** Task directions **
Gather from the material every line that contains the string "Stockfoto".

---

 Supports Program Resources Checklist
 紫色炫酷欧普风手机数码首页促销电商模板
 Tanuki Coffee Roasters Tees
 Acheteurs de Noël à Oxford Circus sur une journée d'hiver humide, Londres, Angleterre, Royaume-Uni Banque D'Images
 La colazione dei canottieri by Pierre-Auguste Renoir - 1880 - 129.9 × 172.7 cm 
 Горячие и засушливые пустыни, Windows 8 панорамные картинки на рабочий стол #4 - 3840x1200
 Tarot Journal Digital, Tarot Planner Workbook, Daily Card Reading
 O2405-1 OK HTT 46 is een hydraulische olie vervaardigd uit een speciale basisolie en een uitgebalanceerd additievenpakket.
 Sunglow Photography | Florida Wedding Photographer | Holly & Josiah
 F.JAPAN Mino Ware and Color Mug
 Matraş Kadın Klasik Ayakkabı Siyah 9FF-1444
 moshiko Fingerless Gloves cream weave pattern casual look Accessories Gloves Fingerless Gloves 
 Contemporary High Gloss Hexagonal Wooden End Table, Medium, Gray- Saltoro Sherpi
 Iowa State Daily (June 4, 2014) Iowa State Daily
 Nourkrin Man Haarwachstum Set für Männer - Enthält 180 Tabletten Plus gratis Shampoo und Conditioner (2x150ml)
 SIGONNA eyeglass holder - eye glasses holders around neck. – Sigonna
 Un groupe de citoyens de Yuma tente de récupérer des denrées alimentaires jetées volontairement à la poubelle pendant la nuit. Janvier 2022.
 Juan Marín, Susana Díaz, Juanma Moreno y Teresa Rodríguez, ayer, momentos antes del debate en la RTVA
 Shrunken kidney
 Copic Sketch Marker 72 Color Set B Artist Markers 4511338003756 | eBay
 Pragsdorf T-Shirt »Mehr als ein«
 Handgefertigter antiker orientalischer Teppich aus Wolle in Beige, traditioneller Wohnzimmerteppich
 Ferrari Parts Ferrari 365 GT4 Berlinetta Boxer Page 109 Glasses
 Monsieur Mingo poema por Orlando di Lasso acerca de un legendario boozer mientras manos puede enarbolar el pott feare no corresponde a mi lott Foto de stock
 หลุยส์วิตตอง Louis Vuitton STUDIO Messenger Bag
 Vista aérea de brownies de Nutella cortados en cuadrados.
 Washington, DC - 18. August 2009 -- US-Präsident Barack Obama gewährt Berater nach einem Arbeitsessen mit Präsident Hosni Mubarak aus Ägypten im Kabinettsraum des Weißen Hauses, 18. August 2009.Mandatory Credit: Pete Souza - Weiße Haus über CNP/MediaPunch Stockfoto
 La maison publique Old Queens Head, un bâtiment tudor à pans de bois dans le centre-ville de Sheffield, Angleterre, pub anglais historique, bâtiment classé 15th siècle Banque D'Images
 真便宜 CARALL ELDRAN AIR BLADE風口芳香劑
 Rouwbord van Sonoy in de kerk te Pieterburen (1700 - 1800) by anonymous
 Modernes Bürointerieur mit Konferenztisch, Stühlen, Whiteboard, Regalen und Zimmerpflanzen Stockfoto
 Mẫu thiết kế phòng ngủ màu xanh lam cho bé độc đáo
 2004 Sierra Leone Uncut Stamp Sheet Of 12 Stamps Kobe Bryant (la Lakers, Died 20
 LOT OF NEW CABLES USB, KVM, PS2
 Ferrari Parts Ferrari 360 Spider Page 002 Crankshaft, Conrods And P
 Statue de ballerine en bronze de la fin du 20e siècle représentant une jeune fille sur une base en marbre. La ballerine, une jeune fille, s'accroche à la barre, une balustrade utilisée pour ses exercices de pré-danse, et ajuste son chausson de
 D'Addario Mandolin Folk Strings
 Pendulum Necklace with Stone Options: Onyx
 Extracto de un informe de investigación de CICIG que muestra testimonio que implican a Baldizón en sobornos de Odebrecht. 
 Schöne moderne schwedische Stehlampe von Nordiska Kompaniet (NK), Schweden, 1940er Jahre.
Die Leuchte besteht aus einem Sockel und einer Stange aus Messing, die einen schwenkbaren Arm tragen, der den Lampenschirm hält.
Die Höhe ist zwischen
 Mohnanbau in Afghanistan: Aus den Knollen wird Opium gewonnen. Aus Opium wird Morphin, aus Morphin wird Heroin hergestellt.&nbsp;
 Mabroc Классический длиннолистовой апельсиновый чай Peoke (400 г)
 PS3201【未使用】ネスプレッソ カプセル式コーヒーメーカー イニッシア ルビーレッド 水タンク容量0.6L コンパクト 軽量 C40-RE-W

---

** Answer to this problem **
 Washington, DC - 18. August 2009 -- US-Präsident Barack Obama gewährt Berater nach einem Arbeitsessen mit Präsident Hosni Mubarak aus Ägypten im Kabinettsraum des Weißen Hauses, 18. August 2009.Mandatory Credit: Pete Souza - Weiße Haus über CNP/MediaPunch Stockfoto
 Modernes Bürointerieur mit Konferenztisch, Stühlen, Whiteboard, Regalen und Zimmerpflanzen Stockfoto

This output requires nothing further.